Why is it so difficult to explain the things you do everyday, the things you do intuitively, almost unconsciously? The reason I believe is simple: it is difficult because these things come naturally, almost easily, without having to purposefully have to think about them.
In my case it is also difficult to put into words a system which has largely been developed through years of trial and error, years of learning what works and what doesn’t work, until, someday, I find myself looking at one of my images thinking “I really like this one. How did I get there?” I, and you, got there, I am tempted to say, because of perseverance, because we never gave up, and because we loved photography so much that we somehow found both the motivation and the finances to continue in the face of less than satisfying results.
I am a visually oriented person. I have a long experience not only in photography but as a visual artist working in several different media. While I started photography in 1980 I was trained as a fine artist in painting and drawing before then and practiced art, under the guidance of my parents, since my early childhood.
Furthermore I am focused upon representing what I perceive as being beautiful in the most aesthetic way I can conceive of. I practice aesthetics on a daily basis, except I do not call it aesthetics. I don’t actually have a name for it. I create beautiful images of natural places, that’s all.
I am therefore looking for an effective way to teach what I do. But, I am also concerned with not making the subject unnecessarily complicated. After all it would be easy to approach it from a theoretical perspective, using lengthy and obscure terminology and creating a text which although it may be of interest to academics would provide no help whatsoever to photographers wanting to create better photographs.
So how do you explain, in a manner as clear and concise as possible, something that you do unconsciously? Well, one way is to explain how you proceed step by step, breaking the topic down into major areas. This is the approach I will follow in this series of essays. It has the advantage of being simple, of going straight to the point, and of moving from one concept to another in a logical and organized fashion.
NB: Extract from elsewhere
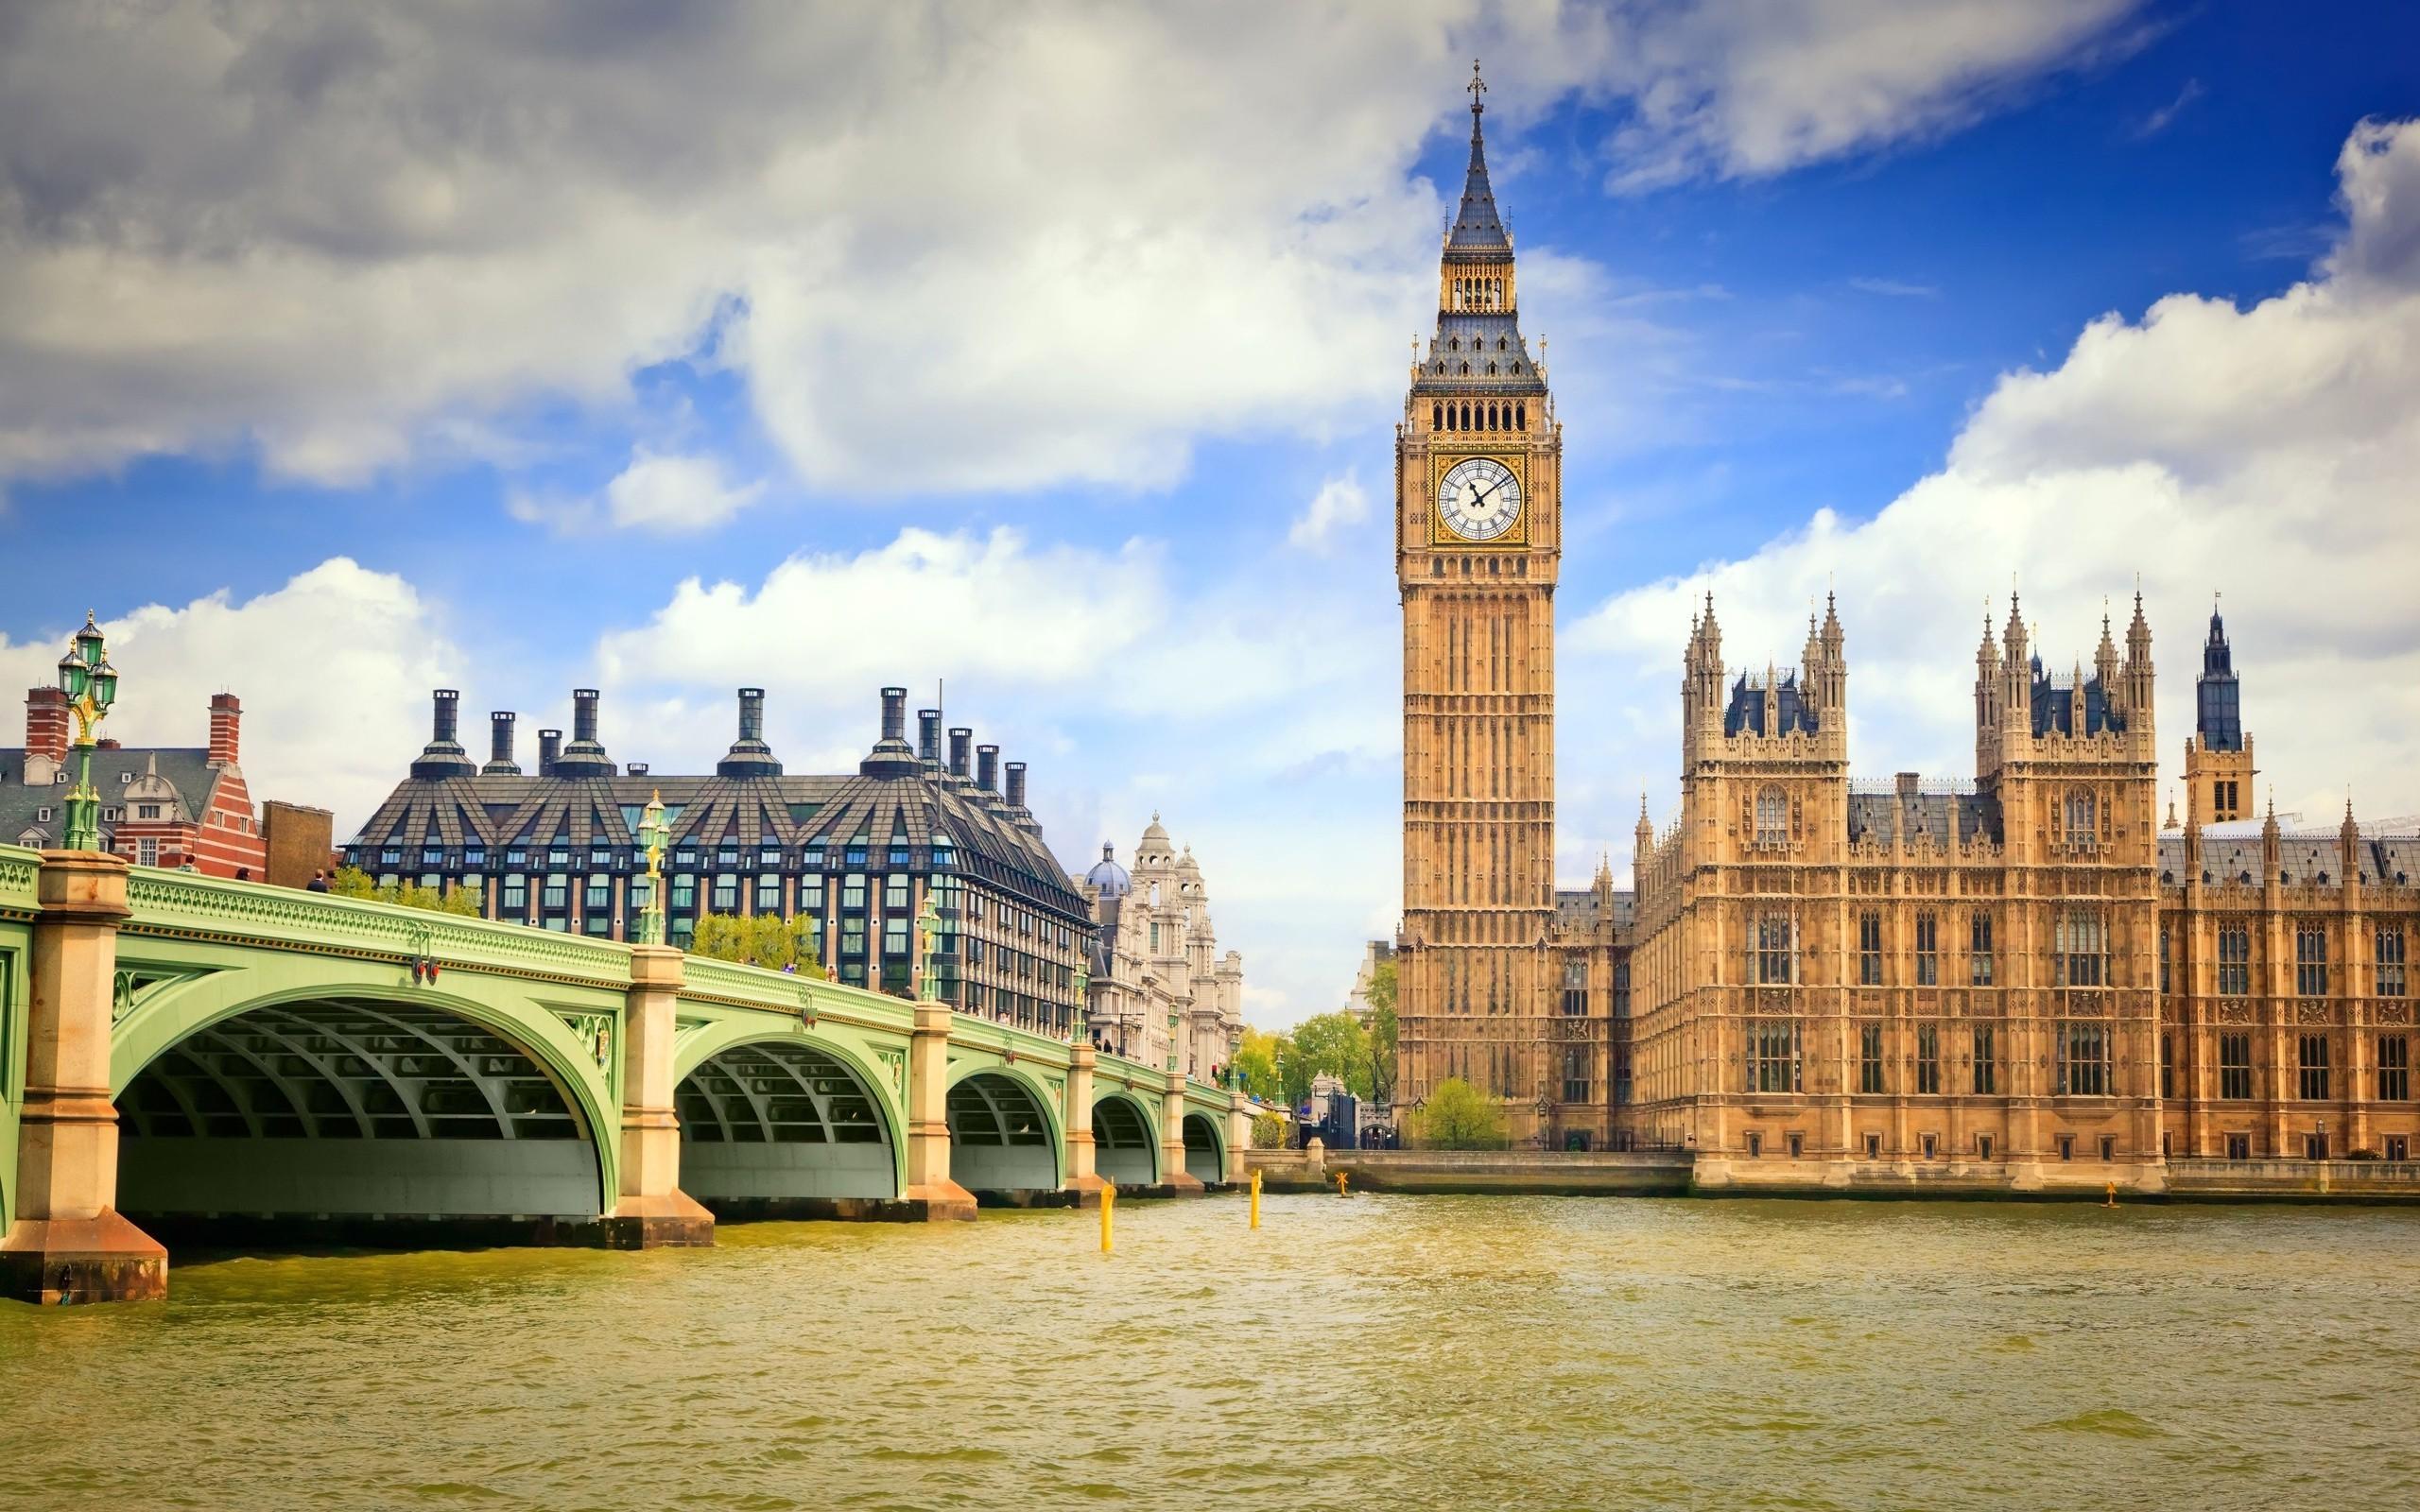 англия лондон биг бен картинки такой

At this time I see nine major areas, all related to aesthetics, which together encompass what I work on when I photograph:
1 — How to see photographically
2 — How to compose a photograph
3 — How to choose the best lens for a specific composition
4 — How to find the best light for a specific photograph
5 — How to choose the best “film” for a specific image
6 — How to determine the best exposure for a specific scene
7 — How to decide which photographs are “keepers” and which are not
8 — How to assemble a body of work
9 — How to establish a personal photographic style
In this series of articles I will cover these nine areas by describing my personal approach, and by describing the tools that I use (and those tools are not only cameras as you will see). I will use my photographs as examples, choosing images related to the topic being covered and describing how and why specific images were created.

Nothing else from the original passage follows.